My question is: does anyone know of a packaged library which does the kind of memoization discussed in the Peyton-Jones, Marlow and Elliott paper, filling in all the details (and preferably filling in proper thread-safety as well)?
Failing that, I guess I will have to code it up myself: does anyone have any ideas of other subtleties (beyond thread safety and the ones discussed in the paper) which the implementer of such a library would do well to bear in mind?
UPDATE
Following #luqui's suggestion below, here's a little more data on the exact problem I face. Let's suppose there's a type:
data Node = Node [Node] [Annotation]
This type can be used to represent a simple kind of rooted DAG in memory, where Nodes are DAG Nodes, the root is just a distinguished Node, and each node is annotated with some Annotations whose internal structure, I think, need not concern us (but if it matters, just ask and I'll be more specific.) If used in this way, note that there may well be significant structural sharing between Nodes in memory---there may be exponentially more paths which lead from the root to a node than there are nodes themselves. I am given a data structure of this form, from an external library with which I must interface; I cannot change the data type.
I have a function
myTransform : Node -> Node
the details of which need not concern us (or at least I think so; but again I can be more specific if needed). It maps nodes to nodes, examining the annotations of the node it is given, and the annotations its immediate children, to come up with a new Node with the same children but possibly different annotations. I wish to write a function
recursiveTransform : Node -> Node
whose output 'looks the same' as the data structure as you would get by doing:
recursiveTransform Node originalChildren annotations =
myTransform Node recursivelyTransformedChildren annotations
where
recursivelyTransformedChildren = map recursiveTransform originalChildren
except that it uses structural sharing in the obvious way so that it doesn't return an exponential data structure, but rather one on the order of the same size as its input.
I appreciate that this would all be easier if say, the Nodes were numbered before I got them, or I could otherwise change the definition of a Node. I can't (easily) do either of these things.
I am also interested in the general question of the existence of a library implementing the functionality I mention quite independently of the particular concrete problem I face right now: I feel like I've had to work around this kind of issue on a few occasions, and it would be nice to slay the dragon once and for all.
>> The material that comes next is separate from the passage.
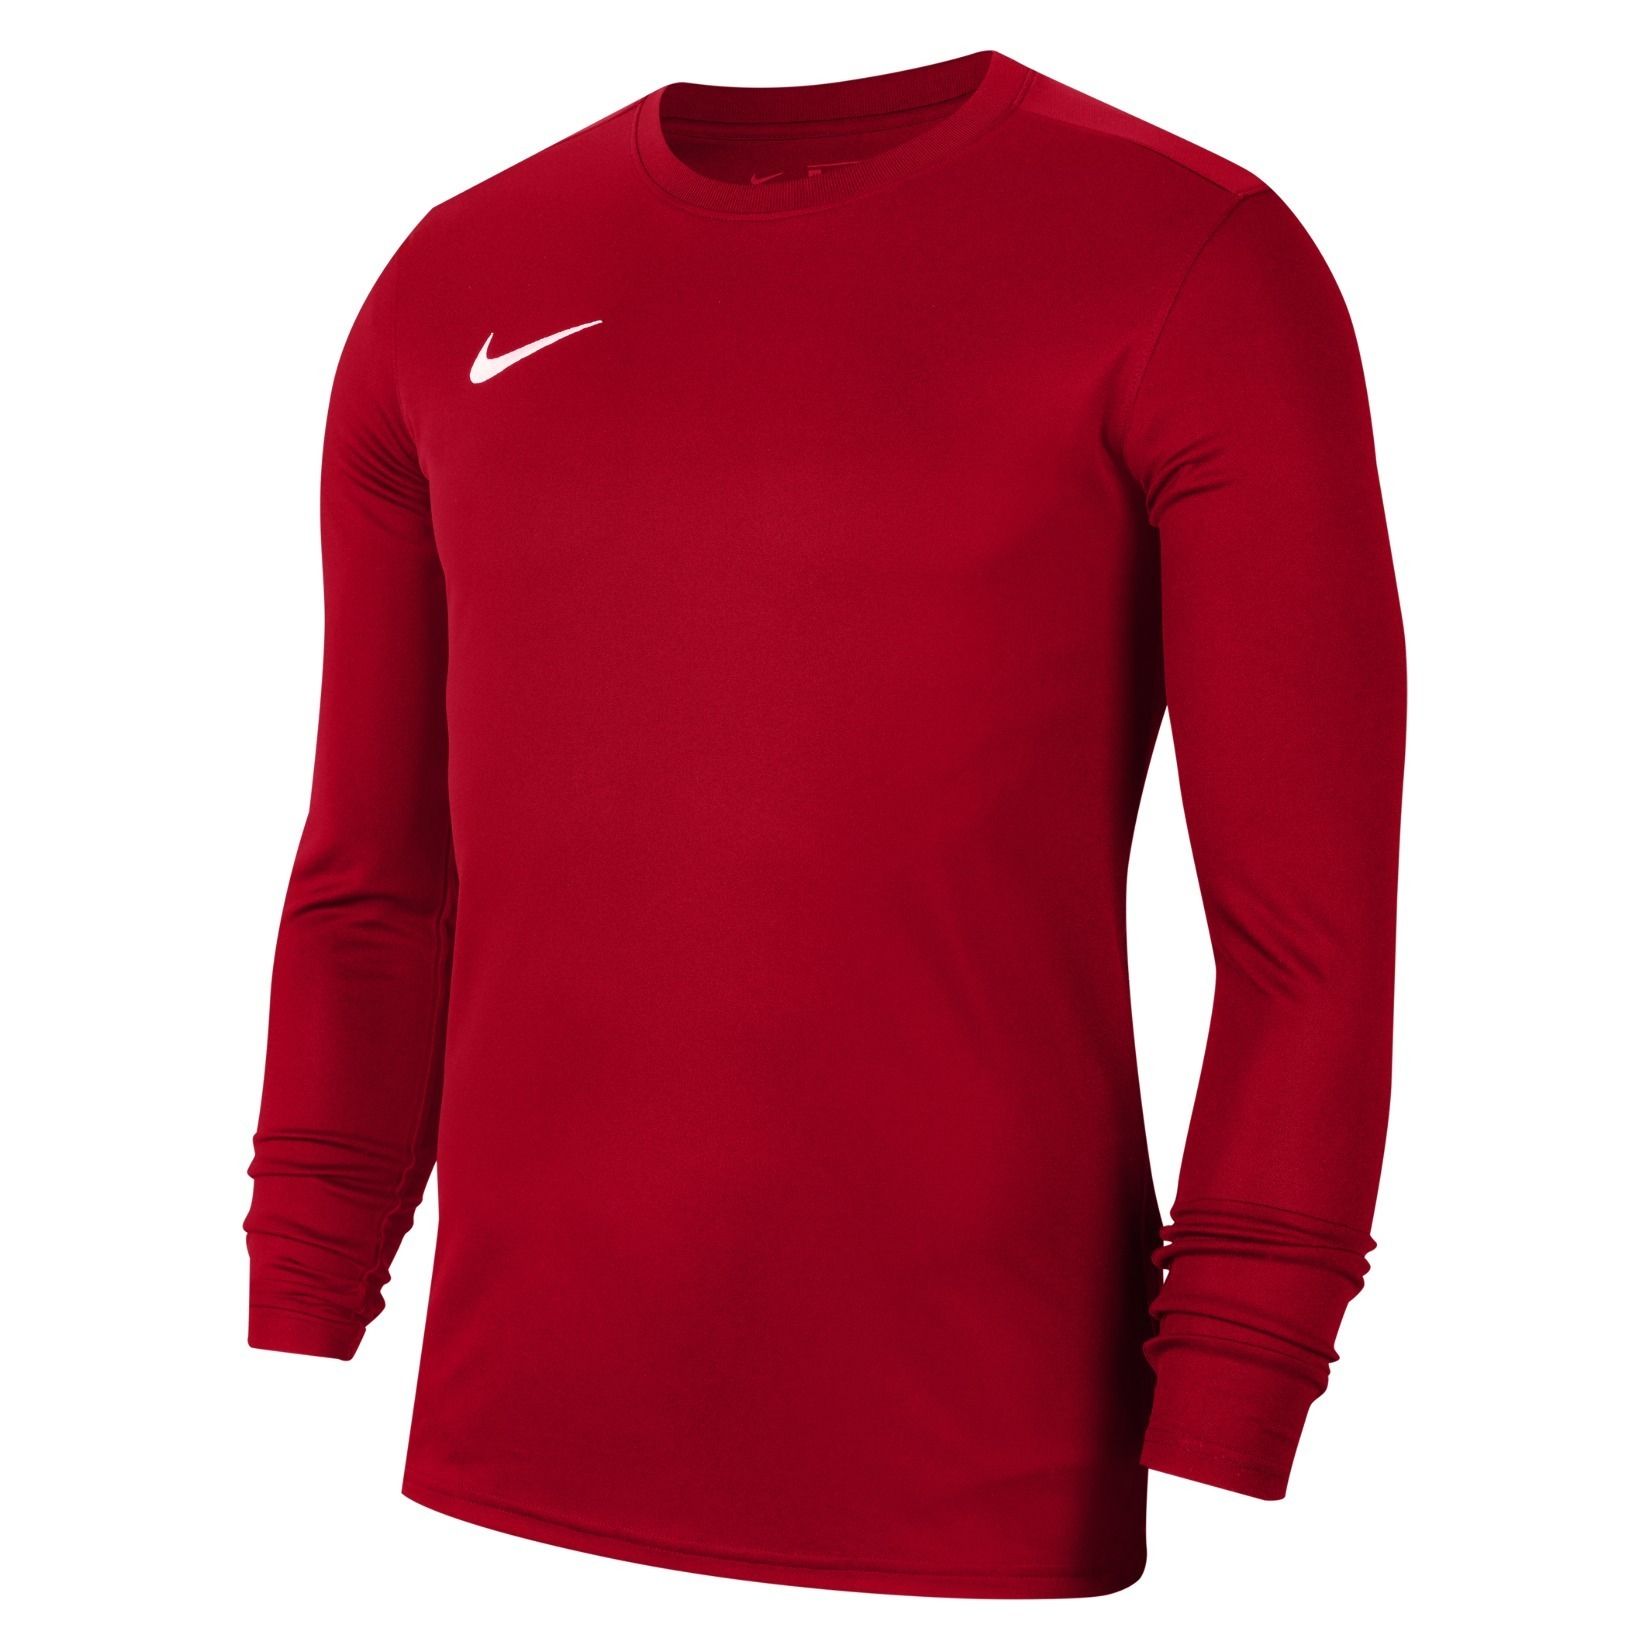 red long sleeve dri fit shirt

The fact that SPJ et al felt that it was worth adding not one but three features to GHC to support the existence of libraries of this form suggests that the feature is genuinely useful and can't be worked around in all cases. (BUT I'd still also be very interested in hearing about workarounds which will help in this particular case too: the long term problem is not as urgent as the problem I face right now :-) )
1 Technically, I don't quite mean location in memory, since the garbage collector sometimes moves objects around a bit---what I really mean is 'object identity'. But we can think of this as being roughly the same as our intuitive idea of location in memory.
If you only want to memoize based on object identity, and not equality, you can just use the existing laziness mechanisms built into the language.
For example, if you have a data structure like this
data Foo = Foo { ... }
expensive :: Foo -> Bar
then you can just add the value to be memoized as an extra field and let the laziness take care of the rest for you.
data Foo = Foo { ..., memo :: Bar }
To make it easier to use, add a smart constructor to tie the knot.
makeFoo ... = let foo = Foo { ..., memo = expensive foo } in foo
Though this is somewhat less elegant than using a library, and requires modification of the data type to really be useful, it's a very simple technique and all thread-safety issues are already taken care of for you.
It seems that stable-memo would be just what you needed (although I'm not sure if it can handle multiple threads):
Whereas most memo combinators memoize based on equality, stable-memo does it based on whether the exact same argument has been passed to the function before (that is, is the same argument in memory).
stable-memo only evaluates keys to WHNF.
This can be more suitable for recursive functions over graphs with cycles.
stable-memo doesn't retain the keys it has seen so far, which allows them to be garbage collected if they will no longer be used. Finalizers are put in place to remove the corresponding entries from the memo table if this happens.
Data.StableMemo.Weak provides an alternative set of combinators that also avoid retaining the results of the function, only reusing results if they have not yet been garbage collected.
There is no type class constraint on the function's argument.
stable-memo will not work for arguments which happen to have the same value but are not the same heap object. This rules out many candidates for memoization, such as the most common example, the naive Fibonacci implementation whose domain is machine Ints; it can still be made to work for some domains, though, such as the lazy naturals.
Ekmett just uploaded a library that handles this and more (produced at HacPhi): http://hackage.haskell.org/package/intern. He assures me that it is thread safe.
Edit: Actually, strictly speaking I realize this does something rather different. But I think you can use it for your purposes. It's really more of a stringtable-atom type interning library that works over arbitrary data structures (including recursive ones). It uses WeakPtrs internally to maintain the table. However, it uses Ints to index the values to avoid structural equality checks, which means packing them into the data type, when what you want are apparently actually StableNames. So I realize this answers a related question, but requires modifying your data type, which you want to avoid...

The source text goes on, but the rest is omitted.